6. With so many digital readers, the end of print is always a hot-button issue. Do you think traditional print books or magazines will ever fade away, or will there simply be more options to choose from?

This is a question that people have been asking for years now. I think there’s room for both. I have a kindle app on my phone that I use to download public domain classics. Being able to read “Heart of Darkness” for free helped me pass the time on a transatlantic flight recently. Digital publishing certainly has it’s place, but it’s not going to replace print for me anytime soon. A lot of us stare at screens for a good portion of the day, be it at work or at home. Reading print books is a relaxing, sedentary pastime that lets me take my eyes away from the blue-light glow. My tiny apartment is full of bookshelves groaning under the weight of my library, and that’s just the way I like it. I can admit it’s an affectation in this digital age, but it’s one I’ll never stop enjoying and I think a lot of people out there feel the same.

7. As authors, we continually grow and develop our writing craft, whether in word, form, or style. How has your writing transformed from where you started to today?

This is an interesting one for me. I’d just finished university when I started writing seriously, so one of my biggest challenges was my own verbosity, writing stuff like I would if I were doing an academic paper. It was a big problem that I’ve (mostly) overcome. In general, I’ve had to work on being patient. It doesn’t come naturally to me, and getting anything published is almost always a long, slow process. I’d like to think that my work has become more refined as a result. I think about what I’m writing more, and go through a few more phases of editing and rewrites with every
rejection. 

8. If you could pick only one thing from one of your published short stories that might come true…what would it be and how would the world be different from it?
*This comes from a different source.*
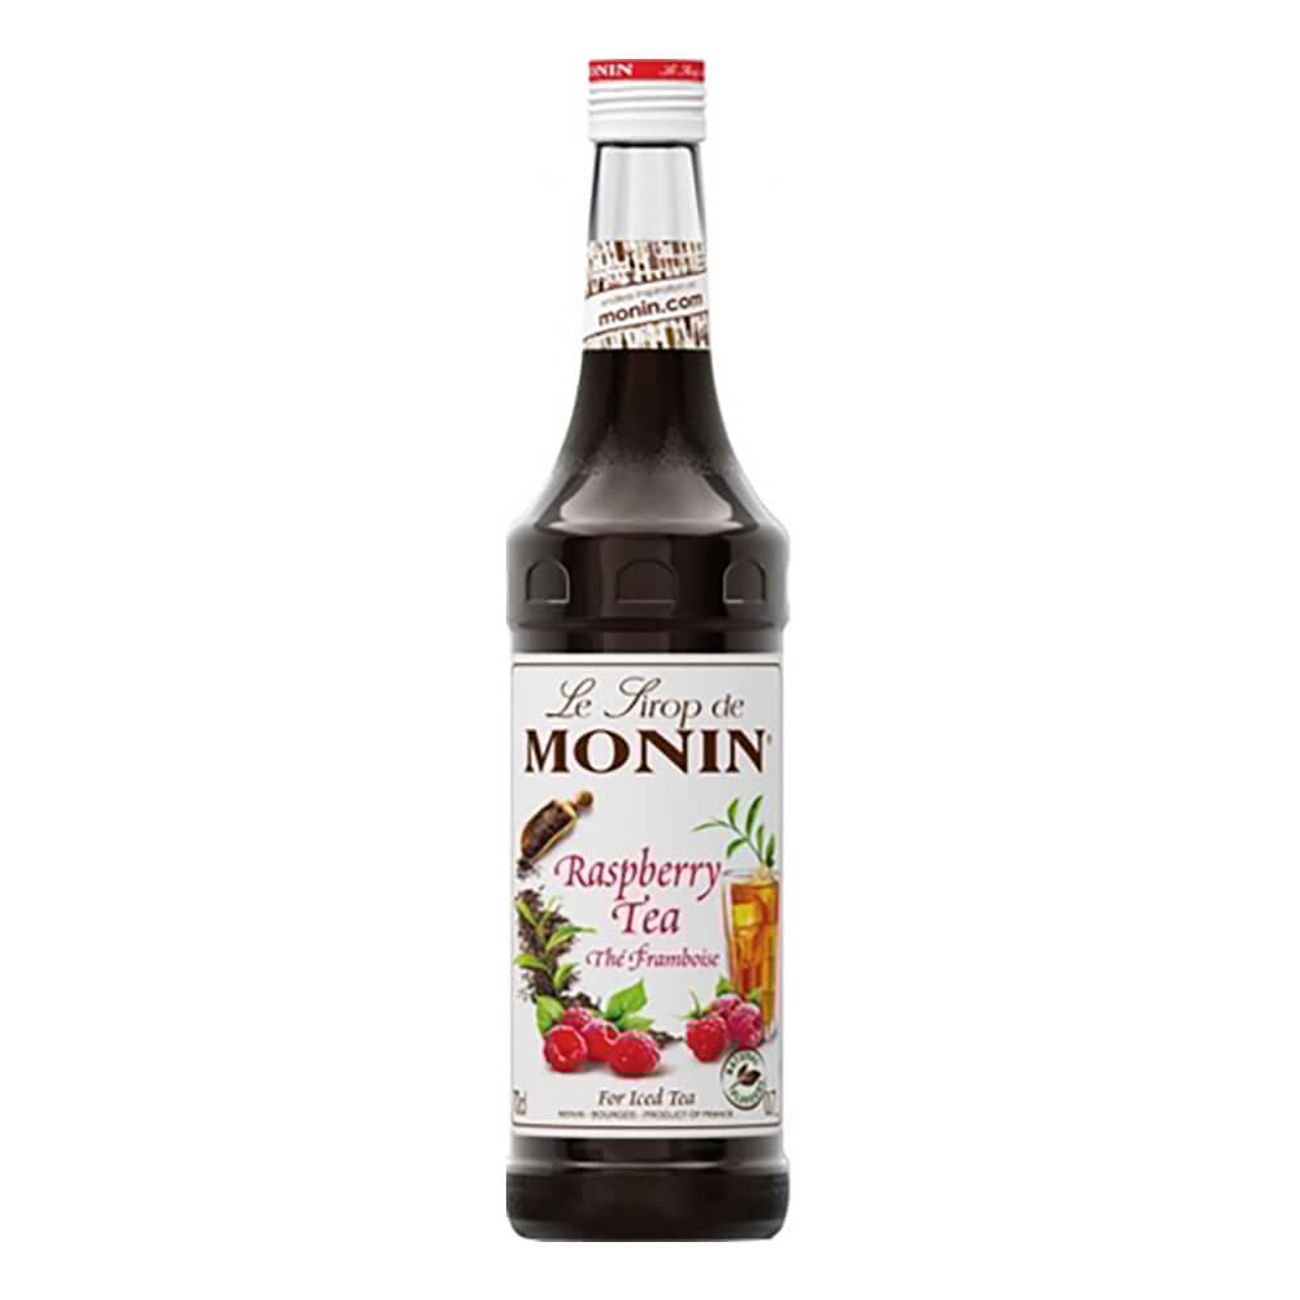 monin-hallonte-syrup-10
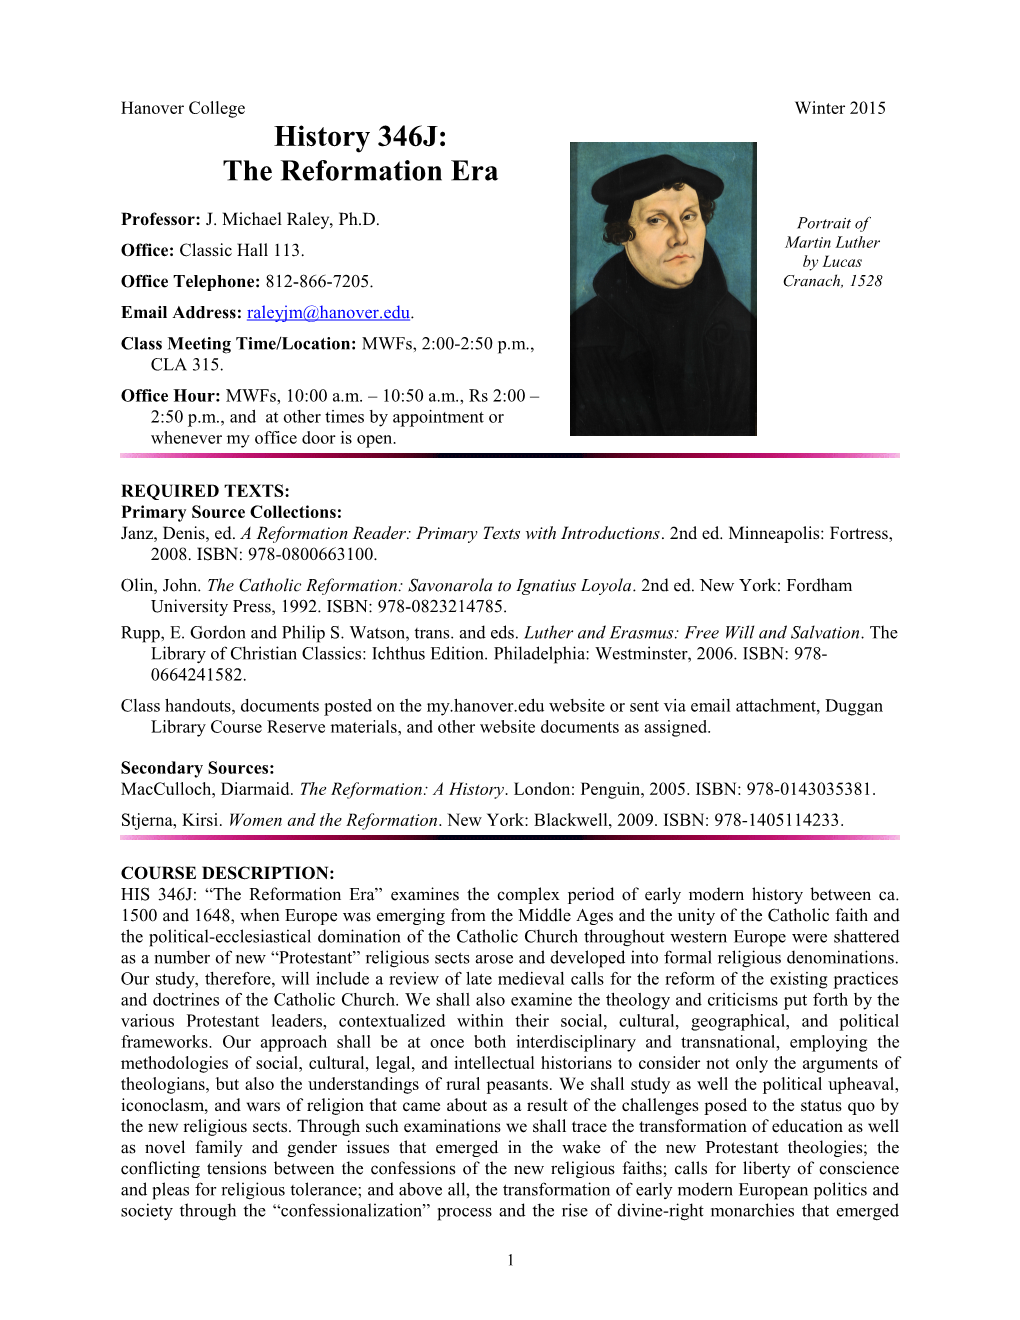 The Reformation Era

It’s a pretty generic answer, but space travel. Other planets in our solar system, faster than light, whatever. As a science fiction author, any significant progress in this field that might see human beings living on other planets within my lifetime would be a dream come true. As for what that might mean for the world at large, I’m not chasing some vision of utopia. I think humans generally make a lot of catastrophic mistakes. It just might mean that a mistake that kills this planet might not kill all of us. Optimistic pessimism.

9. What can we expect to see from you in the next 1-2 years?

In the next year or two I expect my next novel to be done. I’m moving away from science fiction towards more mainstream fiction. “I Think I Can” is the story of a down and out motivational speaker who finds himself in therapy after his wife leaves him, and the personal and professional obstacles he encounters on his road to recovery. The first two chapters were published in short story form in The Danforth Review. In the meantime, I’ve got plenty of other short stories I’m trying to find homes for. I’m also going back to school this fall. Working as a First Reader woke a deeper interest in publishing for me, so ‘ll be taking a post-graduate course in book and magazine publishing at Centennial College here in Toronto in order to pursue that.